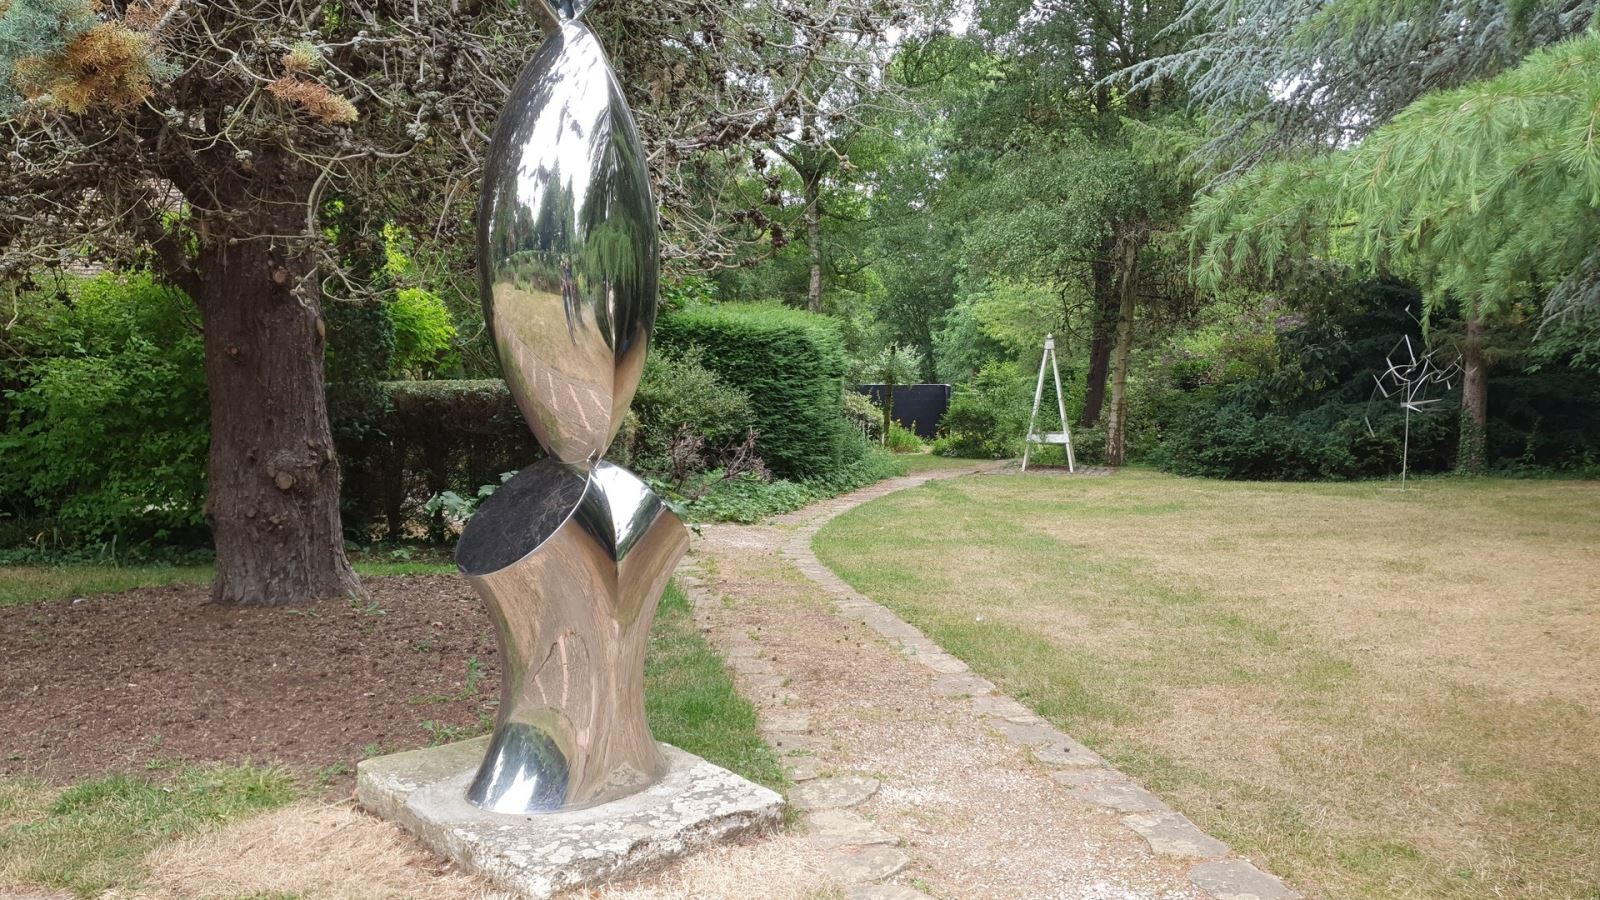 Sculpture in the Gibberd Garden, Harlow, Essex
==
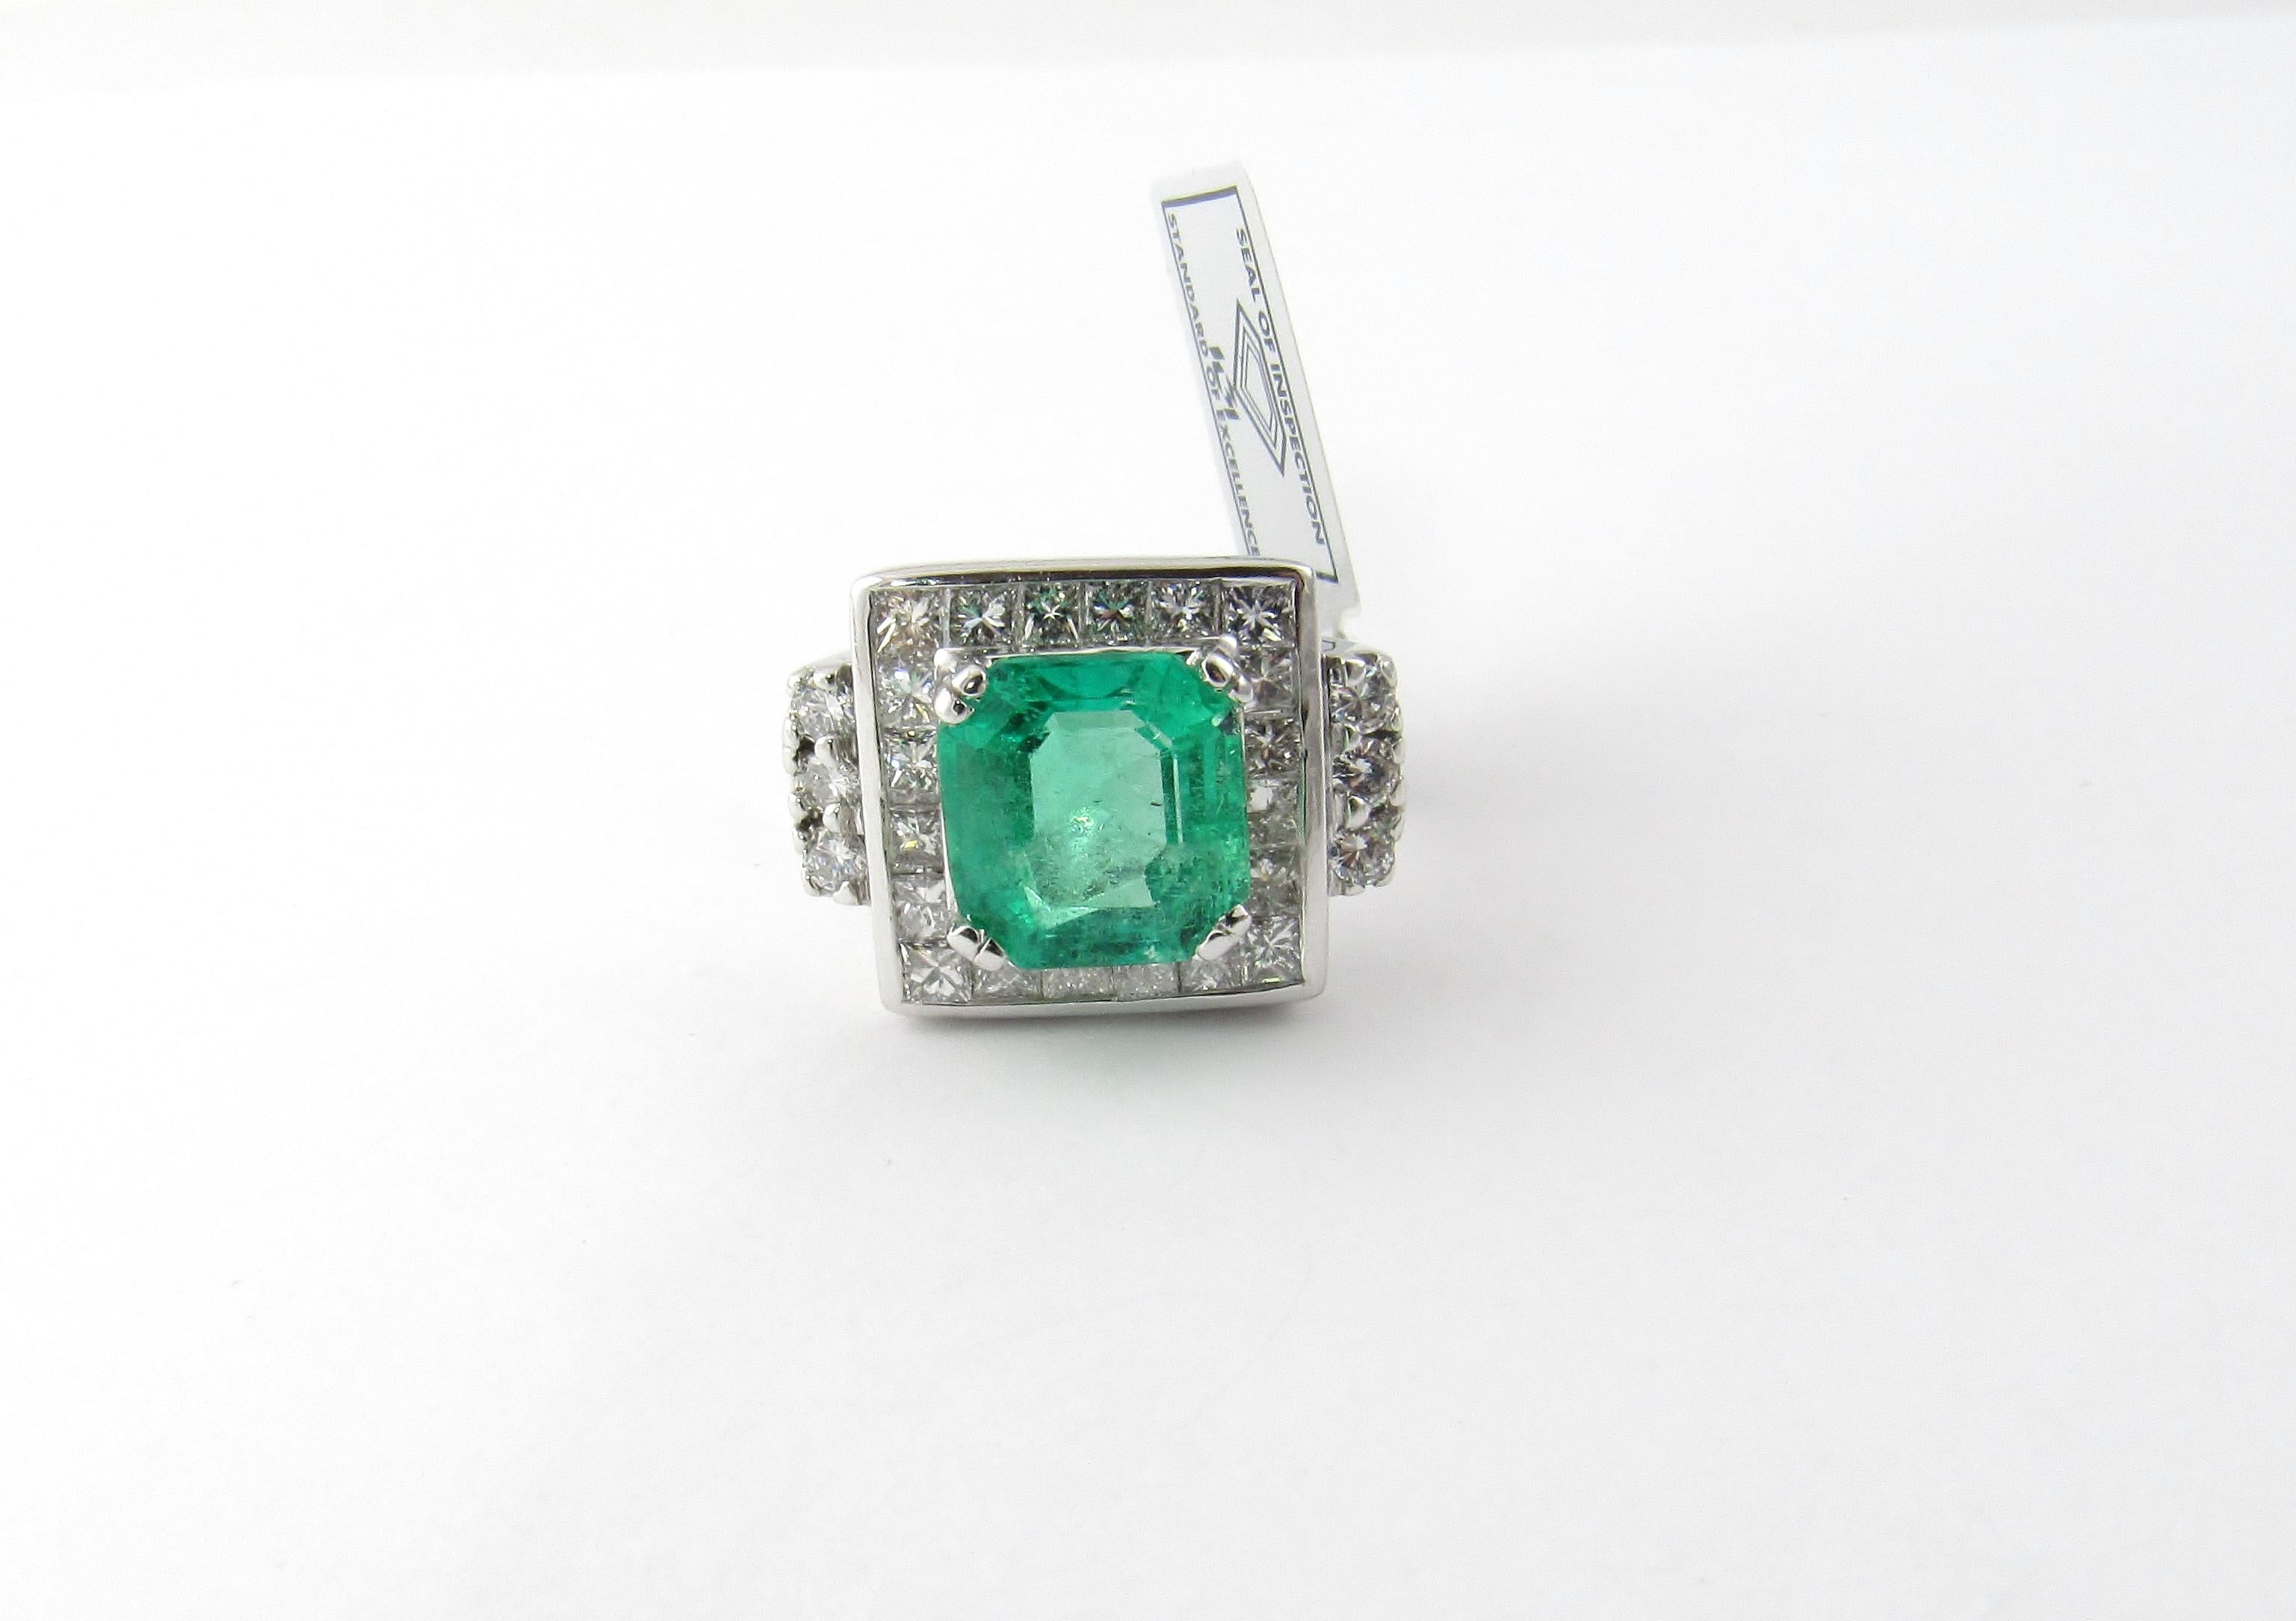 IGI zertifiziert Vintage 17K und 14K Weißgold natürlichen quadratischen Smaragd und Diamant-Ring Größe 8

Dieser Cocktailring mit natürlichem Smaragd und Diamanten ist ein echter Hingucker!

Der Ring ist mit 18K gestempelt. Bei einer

== EXERCISE GOAL ==
Copy the listing above exactly, but only from the line with "IGI zertifiziert Vintage" through the line with "Der Ring ist mit 18K gestempelt. Bei einer", including those two lines and excluding any picture.

== RESPONSE ==
 IGI zertifiziert Vintage 17K und 14K Weißgold natürlichen quadratischen Smaragd und Diamant-Ring Größe 8

Dieser Cocktailring mit natürlichem Smaragd und Diamanten ist ein echter Hingucker!

Der Ring ist mit 18K gestempelt. Bei einer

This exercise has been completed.